Frequently Asked Questions
What is prompt compression?
Prompt compression removes redundant, low-information tokens from LLM inputs before sending them to the model. By stripping filler words, repeated context, and low-importance tokens, it reduces the token count of inputs by 2–20× while preserving the information the model needs to produce a correct response.
How does LLMLingua work?
LLMLingua uses a small language model (typically Llama or Falcon) to score the perplexity of each token in the prompt. Low-perplexity tokens — those that are predictable and redundant — are dropped. High-perplexity tokens — those that carry essential information — are preserved. The result is a compressed prompt that retains the key information at a fraction of the token count.
Does prompt compression work with all LLMs?
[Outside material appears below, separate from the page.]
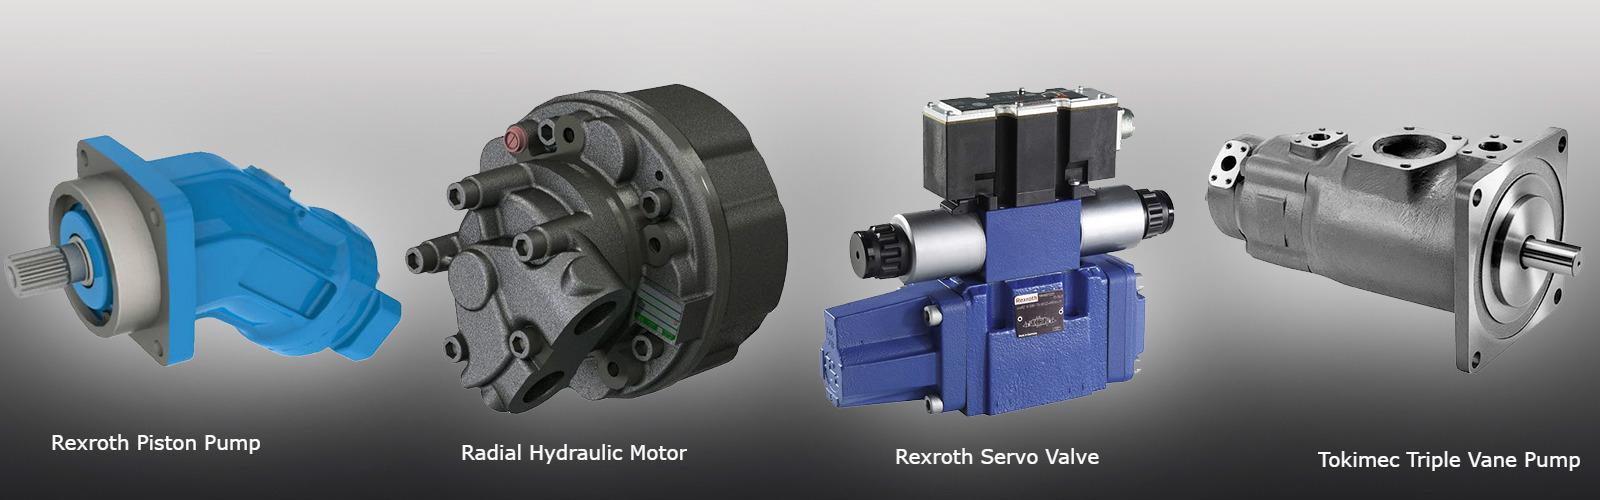 Hydraulic Motor, Pump and Valve
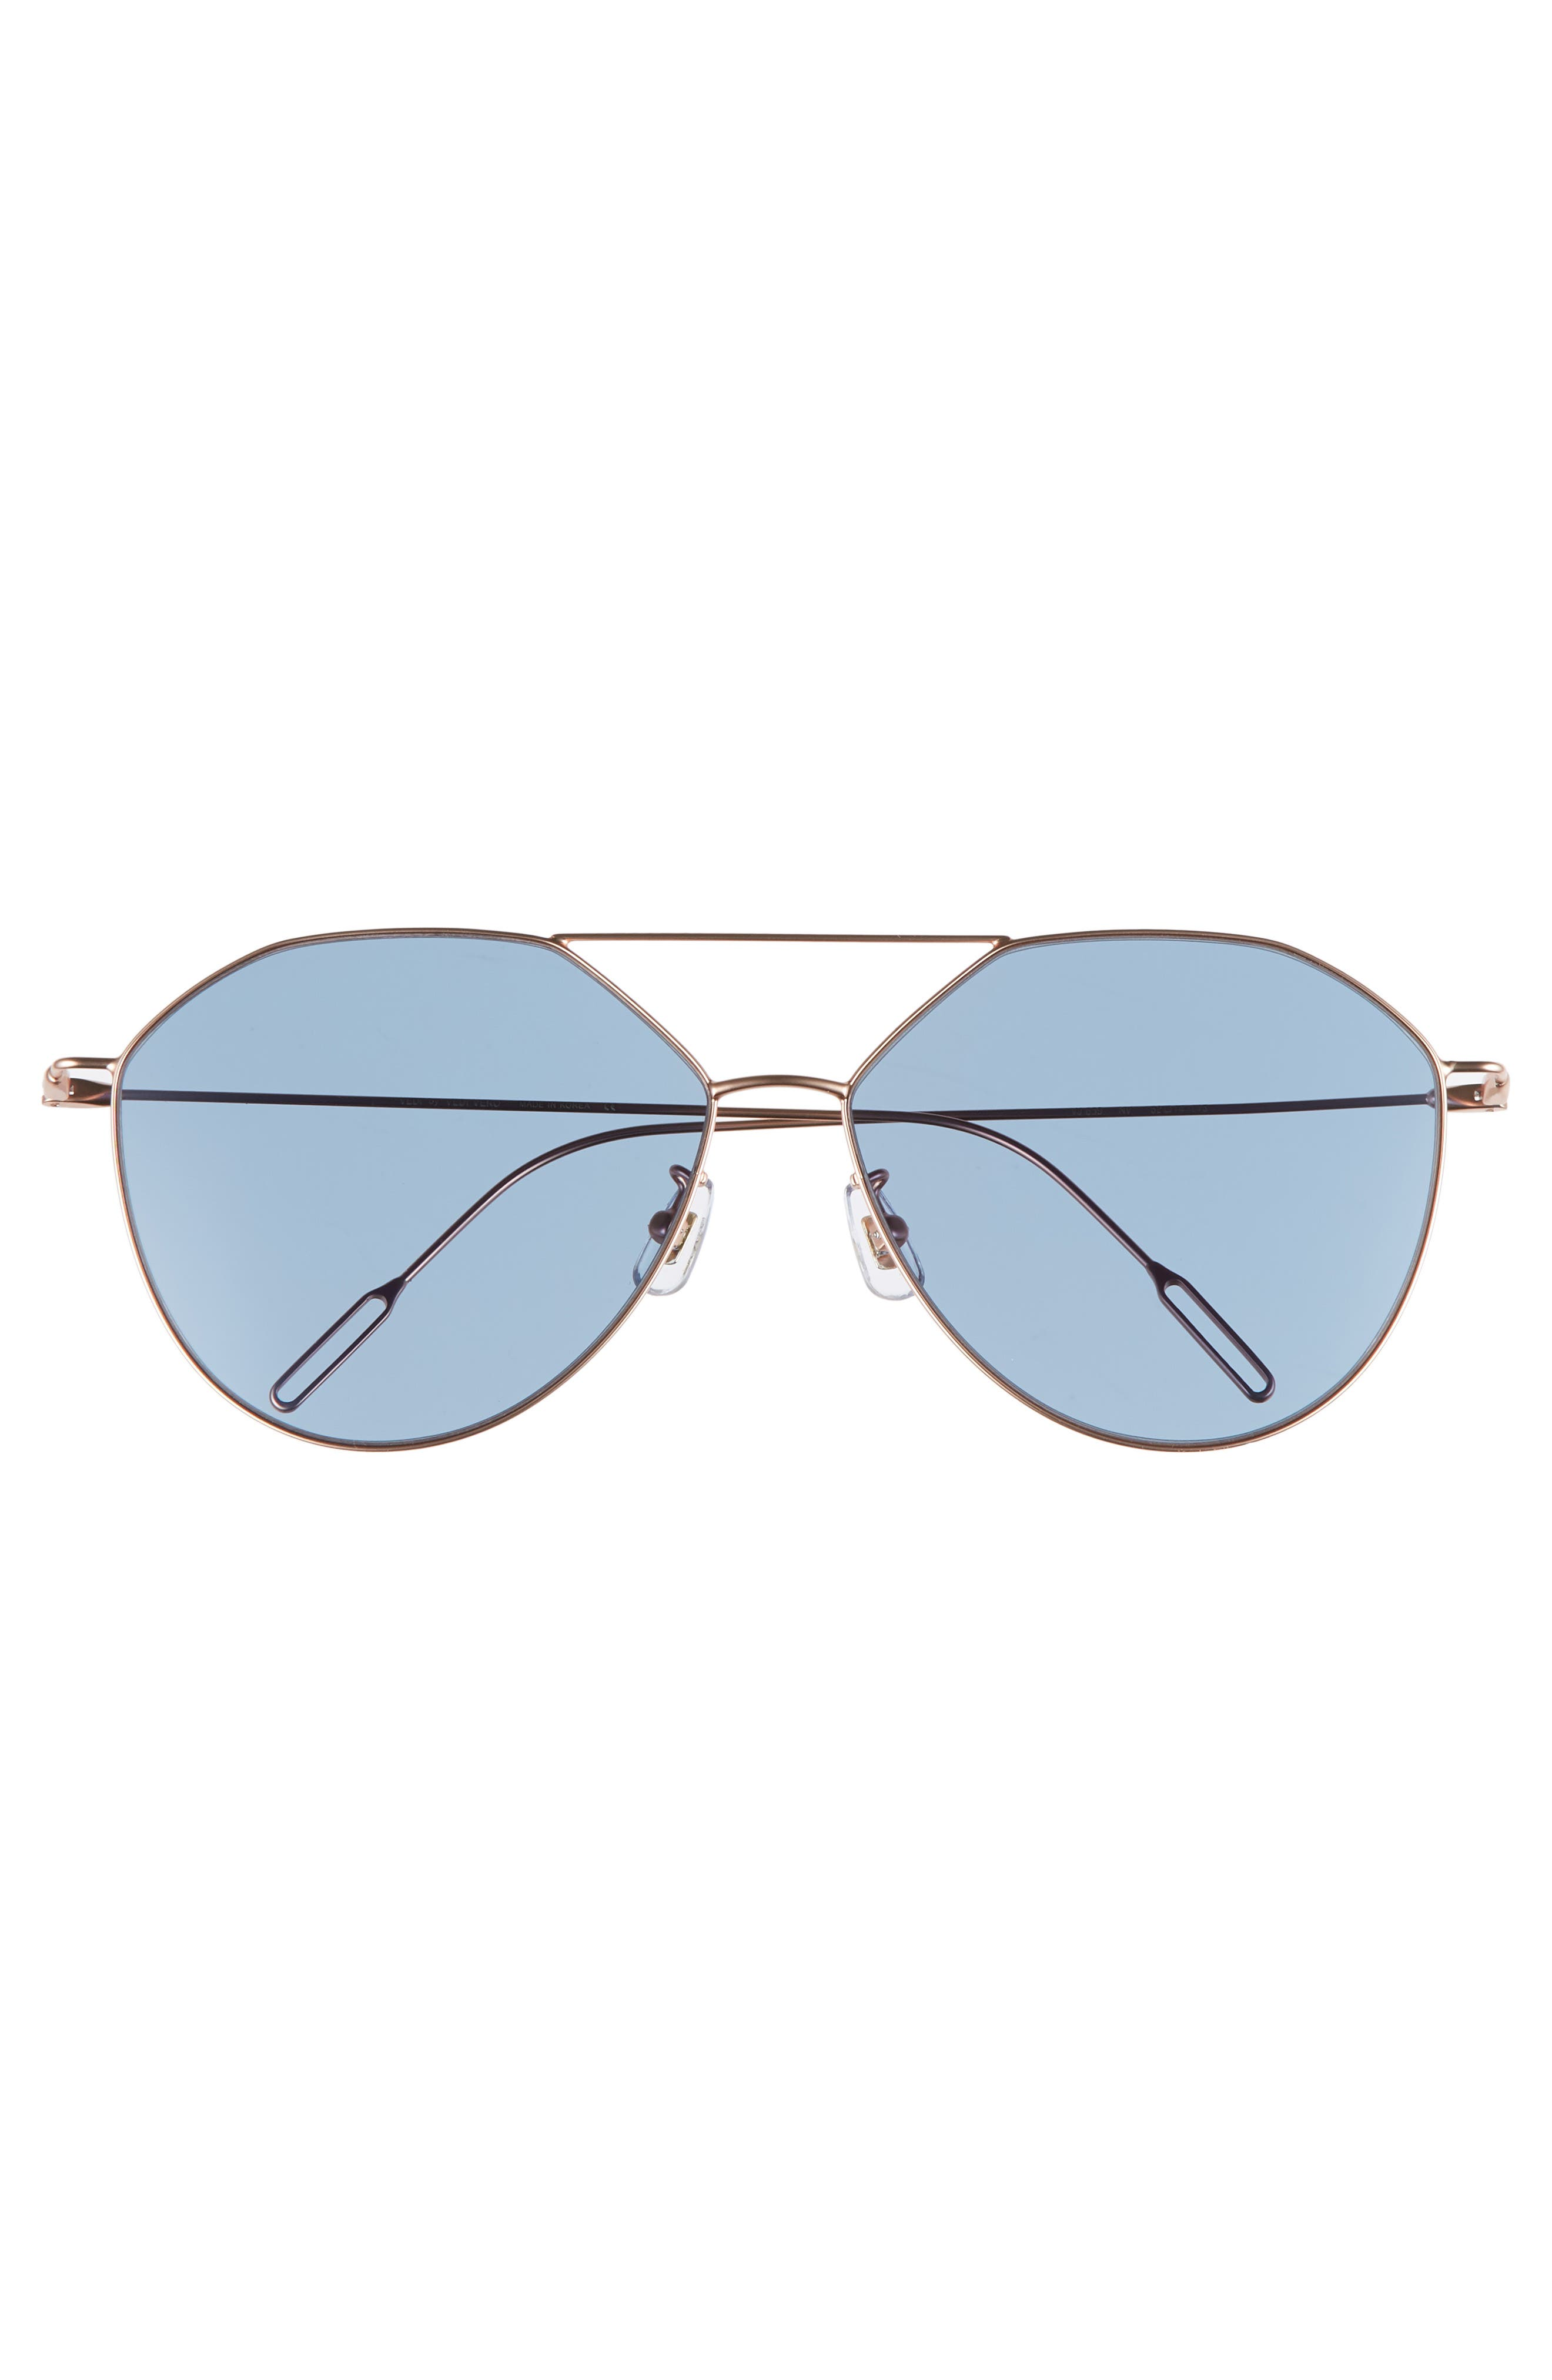 62mm Metal Oversize Aviator Sunglasses,                             Alternate thumbnail 3, color,                             ROSE GOLD/NAVY

Yes — prompt compression is model-agnostic. It runs before the prompt reaches the target LLM, so it works with GPT-4, Claude, Gemini, or any other model. The compressor is a separate small model used only for token scoring, not the same model handling inference.
What is the difference between prompt compression and prompt caching?
Prompt caching (available in Claude and GPT-4o) stores a processed version of a repeated prefix to avoid re-processing it on each call — it reduces compute cost on repeated context. Prompt compression reduces the token count of the prompt itself before it reaches the model. They are complementary: compress first, then cache the compressed prefix.